Edited to add, re: failwhale, your HTTP entrypoints can usually be something like

  try
    real_work_and_output()
  catch
    E:R ->
      log_and_or_page(E,R)
      output_failwhale()
  end.

As long as the failure in real_work_and_output is quick enough, you'll get your failwhale. Of course, if the problem is processing is too slow, you might want to set a global failwhale flag somewhere, but your ops team can hotload a patch if they need to fix the performance of the failwhale ;)

simoncion · on March 23, 2016

"It returns the exception so you can do something like

  case catch Expression of"

Something to be aware of is the cost of a bare catch when an exception of type 'error' is thrown:

"[W]hen the exception type is 'error', the catch will build a result containing the symbolic stack trace, and this will then in the first case [1] be immediately discarded, or in the second case matched on and then possibly discarded later. Whereas if you use try/catch, you can ensure that no stack trace is constructed at all to begin with." [0]

Stack trace construction isn't free, so it makes sense to avoid it if you're not going to use it. I know that in either Erlang 17 or Erlang 18, parts of Mnesia were slightly refactored to move from bare catch to try/catch for this very reason.

[0] http://erlang.org/pipermail/erlang-questions/2013-November/0...

[1] He's referring back to an example in the email

toast0 · on March 23, 2016

Thanks, I don't follow the mailing lists, so I probably wouldn't have known to think about that.

cordite · on March 23, 2016

Wondered this too, it naively only makes sense for that case with neutrinos screwing your RAM over.

liveoneggs · on March 23, 2016

see section 3.4 here: http://erlang.org/documentation/doc-4.9.1/doc/design_princip...

"3.4 The Restart Frequency Limit Mechanism"

geofft · on March 23, 2016

Well, okay, so your process crashes, you restart it, it crashes a few more times, then you kill it. What's the advantage there? How does this increase availability, beyond killing it the first time it crashes?

It seems actively worse to allow users to retry requests that are doomed to failure than to put up a fail-whale or similar while the ops team is being paged.

atemerev · on March 23, 2016

Because most production bugs are infrequent (otherwise they would be noticed by testing). They have to be logged and fixed, but not allowed to move the system into inconsistent state. Restart first, fix later.

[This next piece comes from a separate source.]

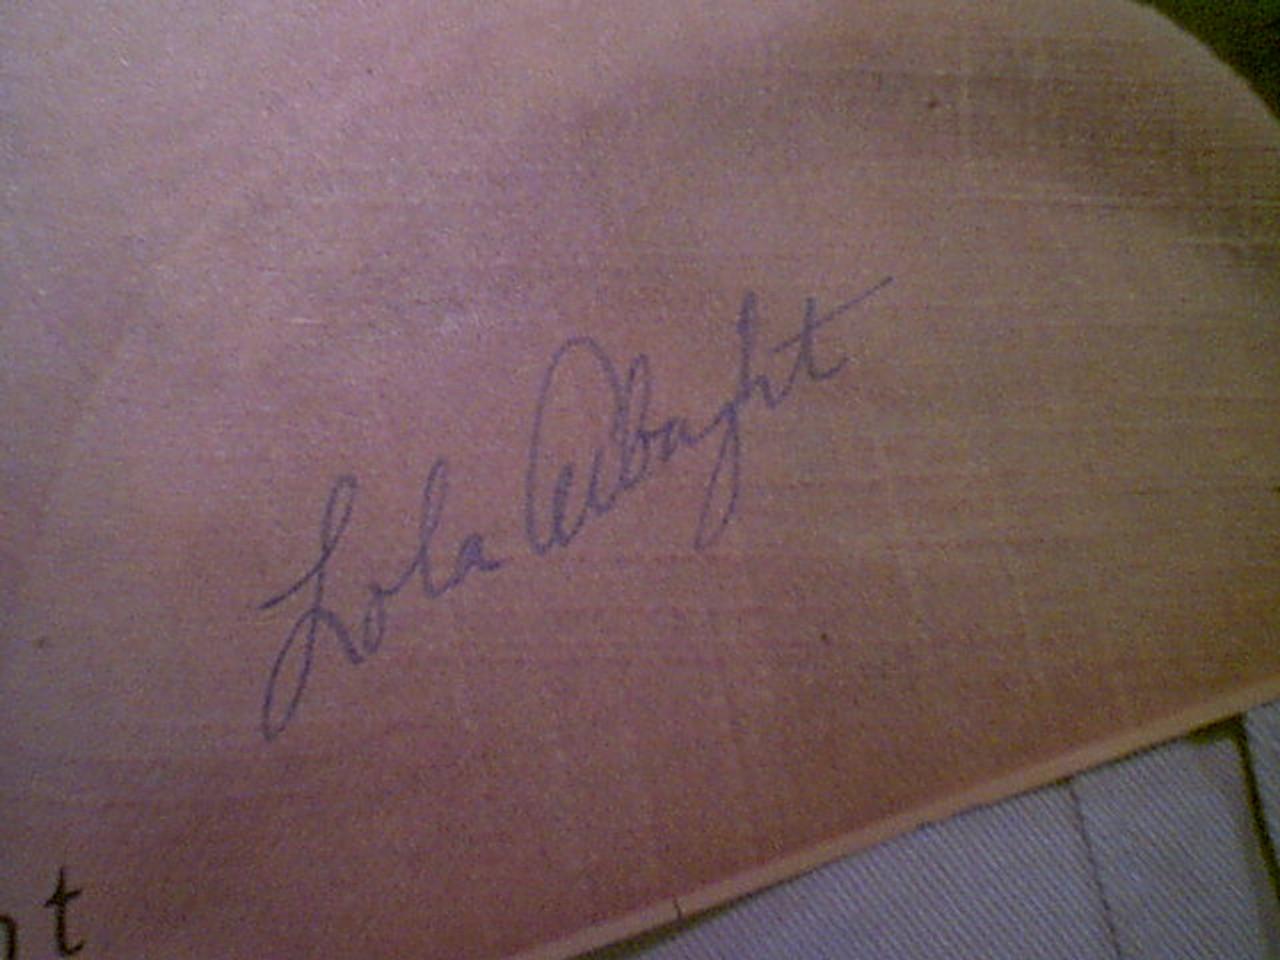 Albright, Lola Vintage Color Photo Signed Autograph 1949

geofft · on March 23, 2016

Are they? The bug discussed in this comment was extremely deterministic. There's a difference between infrequent in the sense that, across lots of users and lots of requests it happens rarely, and infrequent in the sense that, for one particular use, it only triggers sometimes.

Also, the bug discussed in this article wasn't causing crashes. What would you propose be crashed and restarted in this case?

chris_wot · on March 23, 2016

Yeah, that the way. To improve a latency issue, issue a panic. rolls eyes

atemerev · on March 23, 2016

What's the point in low latency if results are incorrect?

chris_wot · on March 23, 2016

What's the point in rebooting a system if the results remain incorrect after the reboot?